Le rôle de l’enseignant dans notre cas est de connaître les capacités, compétences, acquis et disposition psychologique de chacun de ses élèves afin de proposer les activités qui leur feraient plaisir et qu’ils auraient envie de faire. 
 
Planification 
Chaque mercredi, les activités sont envoyées au responsable de structure selon les canevas fournis (afin de faciliter et homogénéiser la présentation sur le site internet). J’ignore si j’ai l’autorisation de proposer des images de nos documents et de ce fait je me limite à des captures d’écran assez neutres.
 
Objectifs principaux de la continuité pédagogique
Les objectifs principaux du courrier hebdomadaire et de la plateforme d’activité sont de maintenir les liens, tant avec les élèves que les parents, et de permettre aux élèves de continuer à utiliser les compétences qui ont été mises en place jusqu’à l’arrêt de l’école en mars. 
Il n’y a pas de planning imposé aux élèves. J’ai un élève qui m’écrit régulièrement par email ; il me raconte ses soucis, les problèmes qu’il rencontre avec des camarades qui n’étaient pas sympas, les films qu’il a vu et son désarroi face à cette situation qui l’empêche de voir son père (parents divorcés) et le reste de sa famille. Je continue ainsi à mettre des balises aux comportements sociaux, rappeler la manière de se comporter avec des camarades, des parents fatigués etc. 

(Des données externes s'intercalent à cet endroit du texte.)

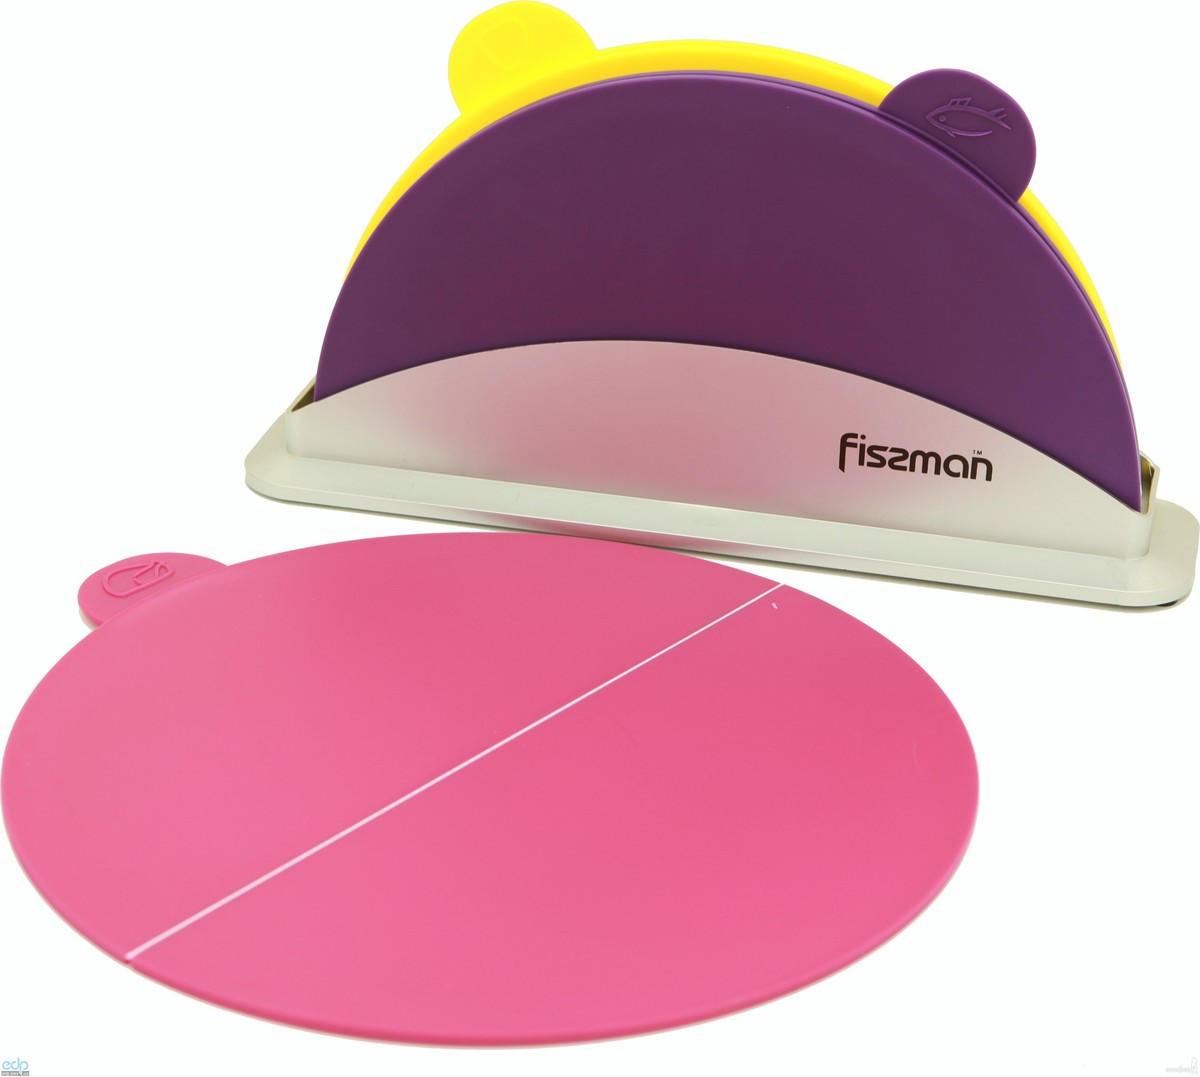 Fissman - Набор досок на подставке 3 штуки 33 х 19 см пластик (AY-7240.CB)

Cela peut paraître dérisoire par rapport à l’enseignement ordinaire où les objectifs du PER sont très présents, mais nous avons chacun nos élèves et notre vécu. 
 
Supports d’activités
Les supports sont homogènes et consistent en deux documents par activité :
-         Le premier document qui spécifie le cycle, l’âge, le titre de l’activité, le déroulement de celle-ci, les consignes et le matériel nécessaire ainsi que l’éventuel besoin d’un adulte.
-         Le second document est une annexe sur laquelle figurent le reste, les schémas, les chablons, les rappels scolaires…
Tout cela est donc envoyé à la direction et mis en ligne sur la plateforme. Le nom des documents est homogénéisé aussi afin de rendre la mise en ligne plus aisée.
 
 
Evaluer les effets de l’enseignement à distance
Il est pour l’instant impossible d’évaluer des effets. Les seuls retours que l’on a sont très positifs et les parents sont heureux d’avoir une plateforme de type boîte à idée afin de ponctuer leur quotidien d’activités plus ou moins scolaires. Certains élèves ont des parents très présents sur le plan scolaire ce qui est réconfortant, d’autres des parents très présents qui ont eux-mêmes leurs limites. Cette situation est très complexe de ce point de vue-là mais je pense que notre plateforme pallie ceci assez sympathiquement, de même que l’offre d’envoyer par la poste les activités aux familles ne possédant pas de ressources technologiques ou financières.
 
Éducation aux médias 
D’une manière générale, ce volet est enseigné en classe en temps normal. Nos élèves sont souvent peu lecteurs voire pas lecteurs ; ils sont sensibles aux images qui pour certains sont leur seule porte d’accès au monde qui les entoure. 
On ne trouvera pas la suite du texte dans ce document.